The word is out that SharePoint will be the standard platform of the future Microsoft Business Intelligence. A SharePoint breakfast session will take place on April 22 in Ottawa, as well a number of other Canadian cities between April 19th and May 3rd.
It appears that in-memory storage/processing is becoming the new standard for Business Intelligence, as both IBM Cognos TM1 and Microsoft SQL Server PowerPivot for Excel are using it to great effect.

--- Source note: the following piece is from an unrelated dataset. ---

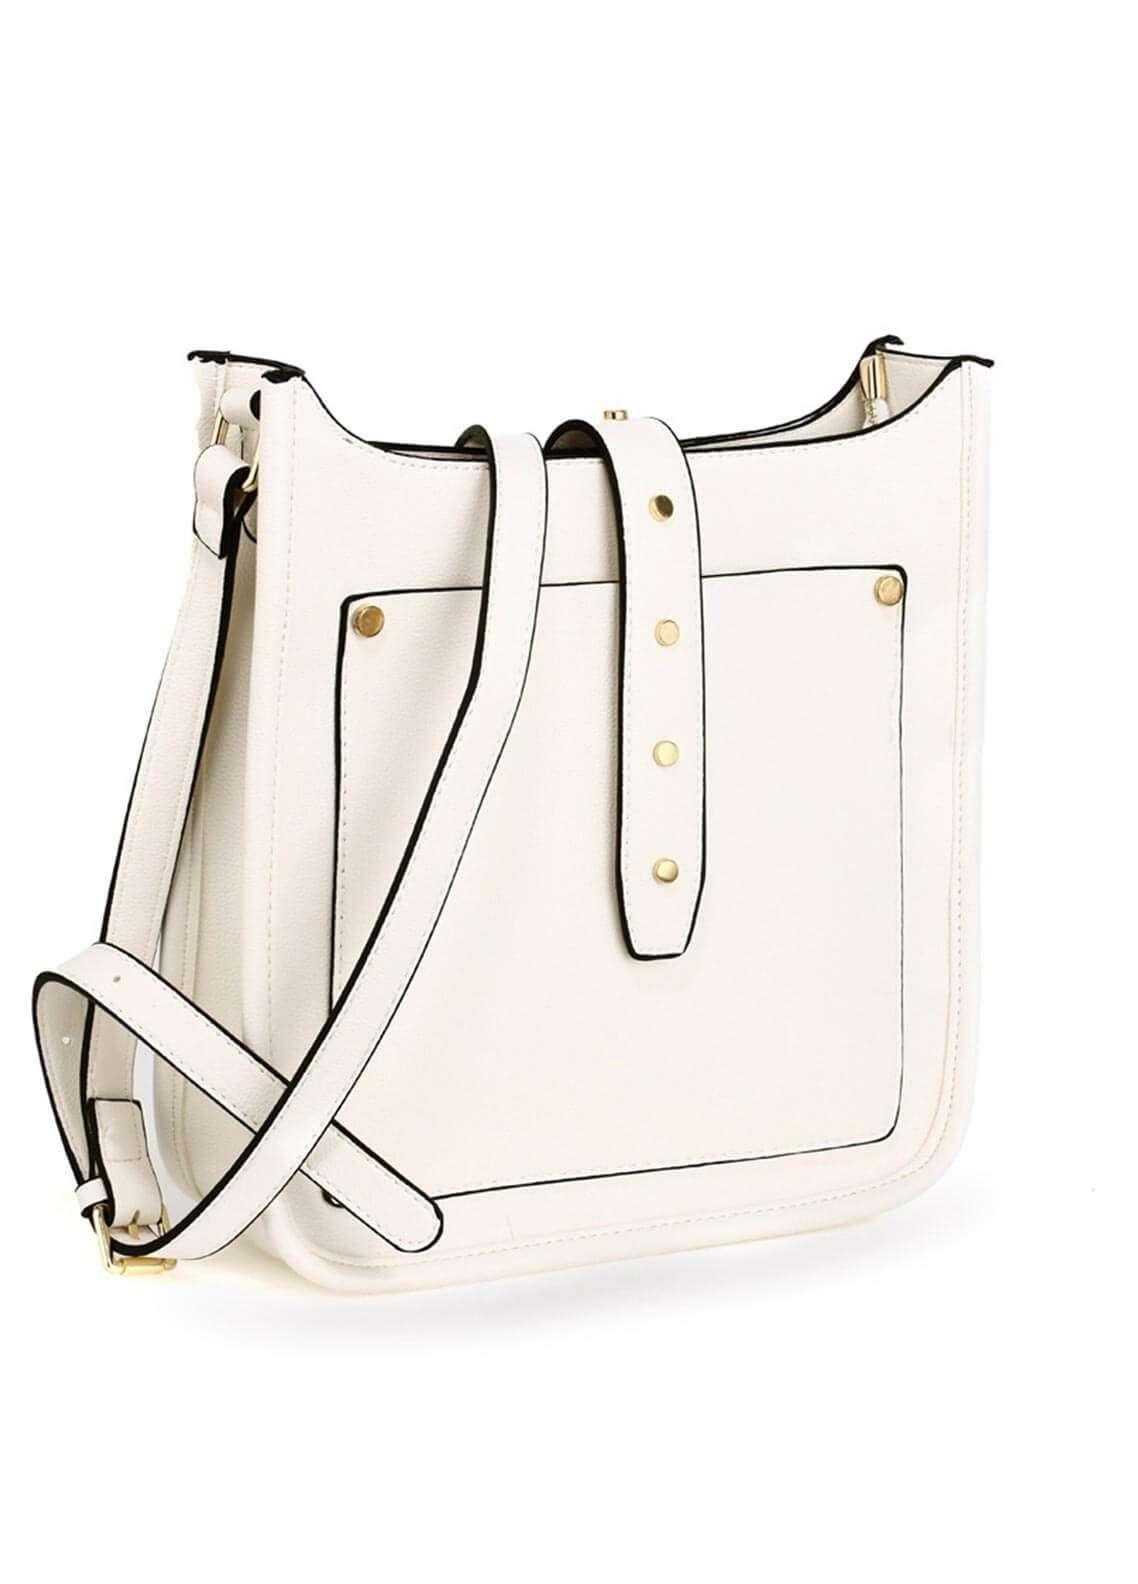 Anna Grace London Faux Leather Shoulder  Bags for Woman - White

Yesterday I attended the first IBM Cognos Ottawa Users’ Group meeting held in more than 3 years. Following the presentations on emerging Cognos 8 technologies, there was a discussion of creating a steering committee for the group. It was agreed that the group should be neutral and user focused, and that it not be sales or IBM partner driven. As such, a number of IBM clients agreed to participate in the committee. So we should see more events upcoming in this forum, with a particular focus on IBM clients and their experiences with IBM Cognos products.
I will post additional information on future events as it becomes available. Anyone interested in participating in the steering committee of the IBM Cognos Ottawa Users’ Group can contact me at email@example.com.
I was at today’s presentation of MotioCI and my initial response is that every one of my Cognos clients needs to have this product. It offers a version control on your entire Cognos Business Intelligence environment, along with other key features such as regression and stress testing. As a consultant, I really like the idea of having a history of Cognos report changes – it gives you a credible record of what changes were made, when, and by whom. This can become a contentious issue when business users ask you where your report changes are, especially if they themselves accidentally overwrote them (reverting to a previous report version is also easily available in MotioCI).
I am looking forward to hearing about MotioCI training opportunities, which should be forthcoming. This is a powerful, extremely useful addition to the Cognos universe.
There are two interesting IBM Cognos events upcoming in the next two weeks. First, there is the IBM Cognos Performance Breakout Day which will be held on February 3, 2010. I am particularly interested in learning more about MotioCI and IBM Cognos Analytic Applications, both of which have featured presentations at this event. The second IBM Cognos event is the IBM Cognos Users’ Group meeting, to be held on February 11, 2010.
I will write up a summary on these events after the fact to share what I have learned.